The Gospel According to the Blind Man                                                       
“I see people looking like trees and walking,” said the blind man,      
after Jesus touched him the first time.
What he said baffled even the human god.                                                                
“They are walking around with arms outstretched,” he said.
“Their palms brush the sky. The stars slip through their long fingers.
The moonlight spills into a river and darts away like a school of silver fish
while the leaves moan in the trees in a hundred human voices.
Branches argue with wind. Locusts buzz in the night’s tangled hair.”
He asked in wonder, “Is this the world?” 
Then the god lifted his holy palms, wet with spit,
and held them over the man’s eyes.
Twice touched by him, the man muttered, “Wait.”

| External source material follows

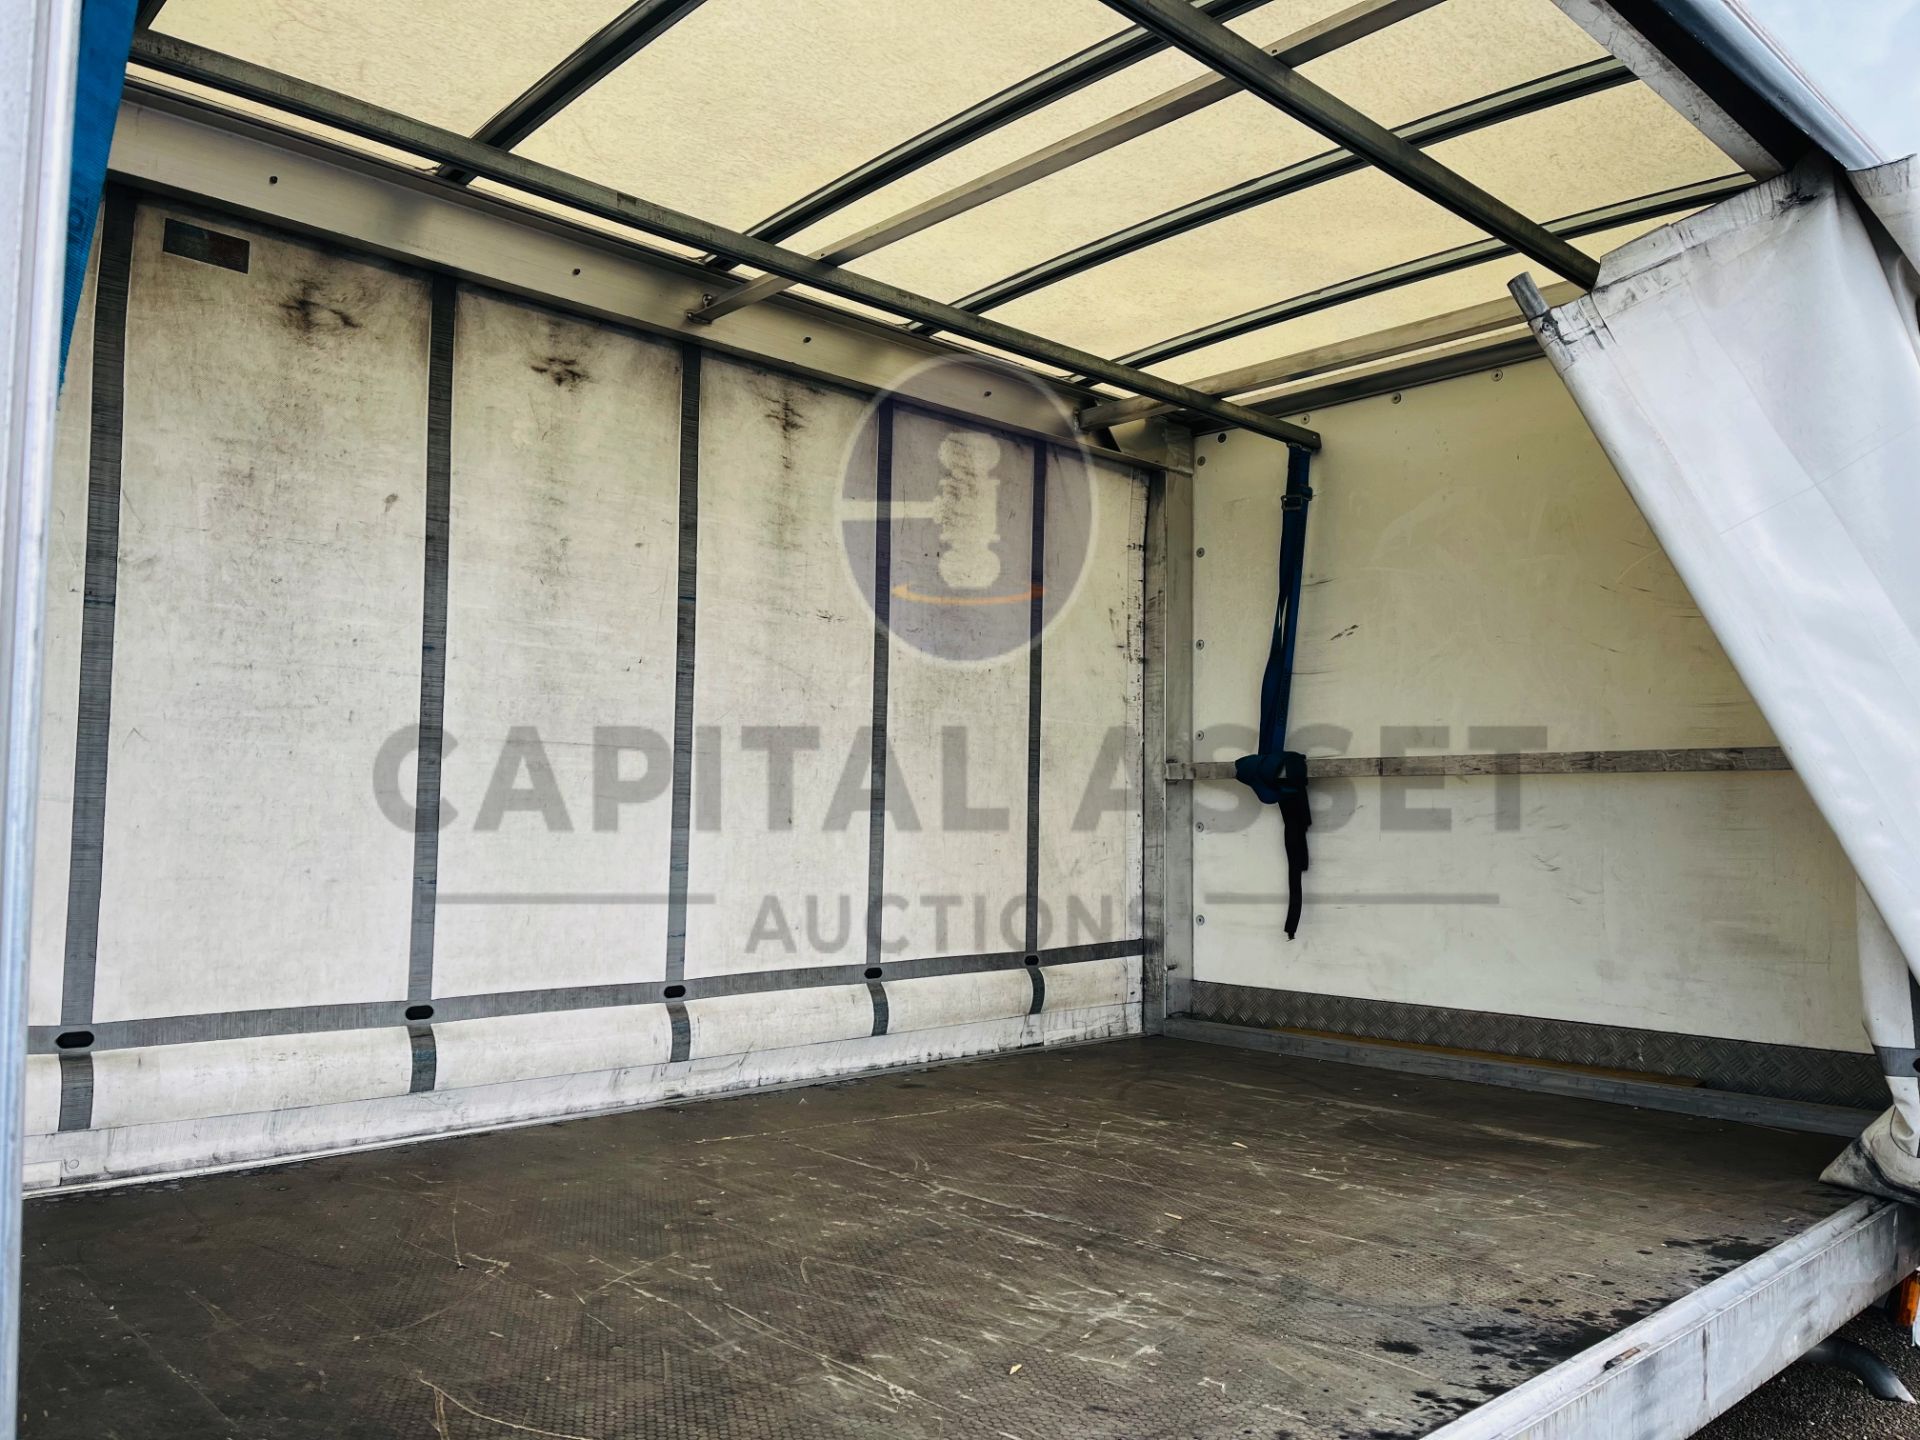 (ON SALE) FIAT DUCATO 2.3 MULTIJET (2019 MODEL) RARE CURTAIN SIDE BODY - 1 OWNER - 360 CAMERA VIEW - Image 24 of 24

But already he was healed.
 
The Gospel According to the Blind Man
 
I pitched a tent for myself in the darkness, then the mystic arrived in his dusty white robes, declaring his love for the wide-eyed and the wakeful. He sang paeans to sunlight and shadow in a deep and beautiful voice and so I let him touch me. His palms felt damp on my eyelids, moist with sweat and spit, this dripping pity. And I saw that I’d been mistaken all those years. A bird was not a singing leaf, but a floating feather; a grove not a chorus of wind but a tangle of wood; the fragrant bulb of the rose, a fist of petals that withers; the sky, more than myth, a maze of stars, a cloud mirage. And only the air, warm and invisible, seemed familiar.
 
This is to see, I thought to myself. For God it meant that the circle in the mind and the circle in the world were one and the same form, as in a mirror, face to face. But I’m still getting used to the sight of mirrors and the idea of a circle whose perfection lies in its absent angles, a seamless enclosure; still bewildered by distance, the three dimensions, the sheer austerity of the square, though by now I’ve become an admirer of windows, watch them dim and brighten throughout the day.
 
Still at night I dream of the circle as an expanding sound and wake to a whistling in the dark, and in the measureless dark imagine the notes of a canticle drifting through air, flowing outward as a frequency of echoes or a fragrance diffused in a room without walls, in that dark and boundless room where the mystic in me still wanders.